Para coisas como encontrar vizinhos mais próximos, posso entender que R=Tree pode superar B-Tree. O R-Tree pode lançar pontos mais obviamente falsos.
No entanto, para verificação simples de um ponto em um retângulo, é efetivamente
min
Se x e y forem indexados pela árvore b, eles também podem gerar muitos pontos falsos.

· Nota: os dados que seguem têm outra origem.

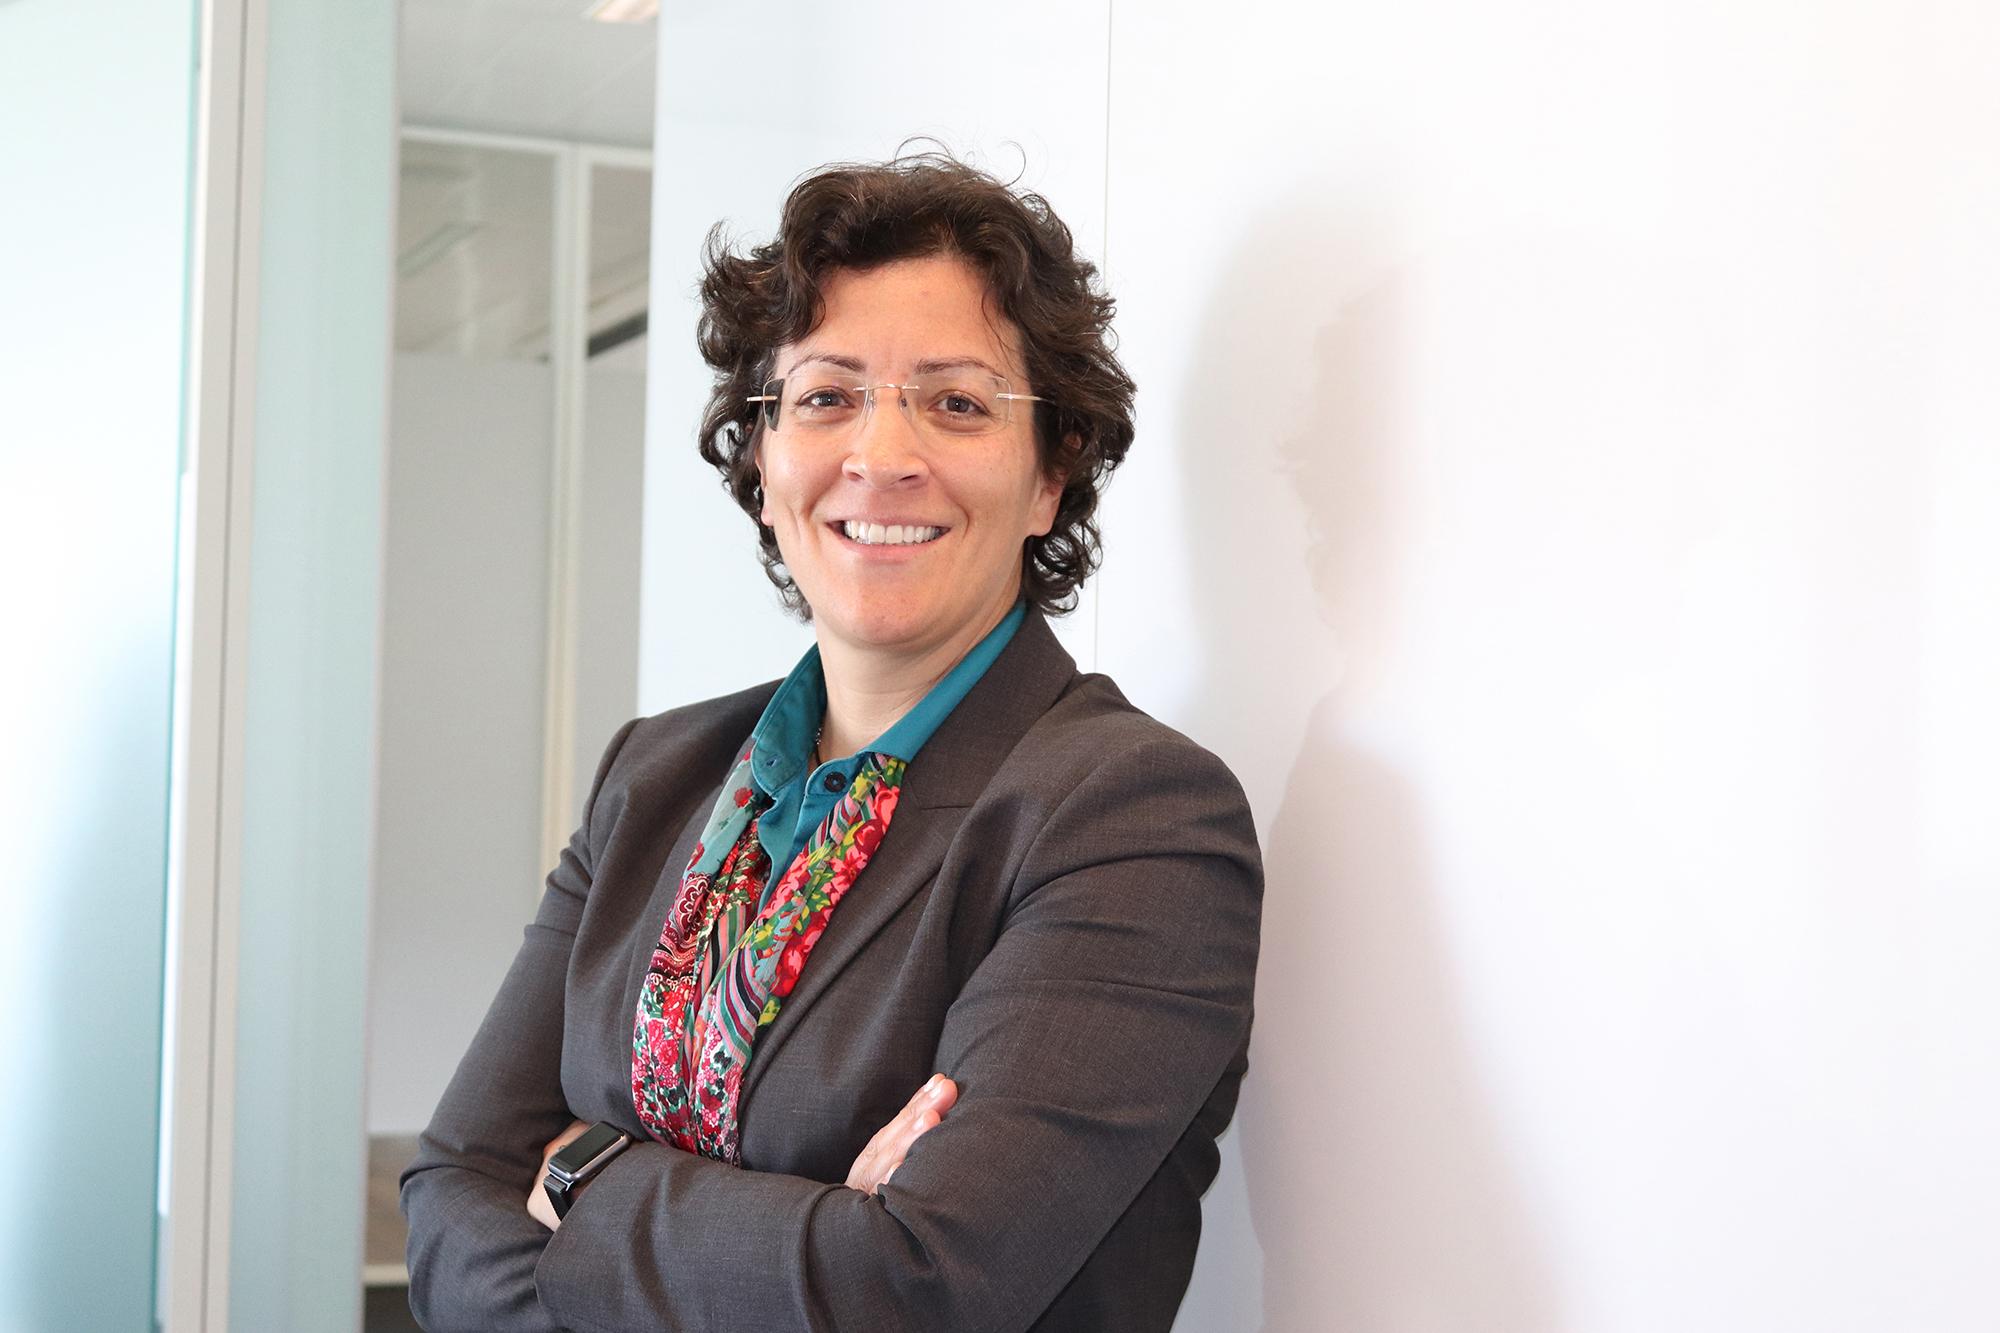 Carla Rebelo, CEO da Adecco em Portugal / Adecco

Então eu fiz um experimento com índice espacial
SELECT DISTINCT
TB.ID,
TB.Latitude,
TB.Longitude,
111151.29341326*SQRT(pow(-6.185-TB.Latitude,2)+pow(106.773-TB.Longitude,2)*0.98839228980165) AS Distance
FROM
`tablebusiness` AS TB
join tableauxiliary as TA on TA.BusinessID=TB.ID
WHERE
MBRContains(
GeomFromText ('MULTIPOINT(-6.2317830813328 106.72621691867,-6.1382169186672 106.81978308133)'),
TA.Latlong
)
AND
MATCH (FullTextSearch) AGAINST ('kucing*' IN BOOLEAN MODE)
ORDER BY
Distance
LIMIT
0, 20
Isso é muito rápido. 0,24 segundos
E então eu faço
SELECT DISTINCT
TB.ID,
TB.Latitude,
TB.Longitude,
111151.29341326*SQRT(pow(-6.185-TB.Latitude,2)+pow(106.773-TB.Longitude,2)*0.98839228980165) AS Distance
FROM
`tablebusiness` AS TB
join tableauxiliary as TA
WHERE
-6.2317830813328 < TB.Latitude
AND
TB.Latitude < -6.1382169186672
AND
106.72621691867 < TB.Longitude
AND
TB.Longitude <106.81978308133
AND
MATCH (TA.FullTextSearch) AGAINST ('kucing*' IN BOOLEAN MODE)
ORDER BY
Distance
LIMIT
0, 20
Isso é muito lento.
Eu quero saber porque. Não faz sentido.
A estrutura da árvore R funciona de forma que dois pontos próximos estejam "mais próximos" no índice da árvore R - porque ambas as coordenadas e ambas com o mesmo peso são usadas para decidir onde (no índice) um novo ponto deve ser colocado.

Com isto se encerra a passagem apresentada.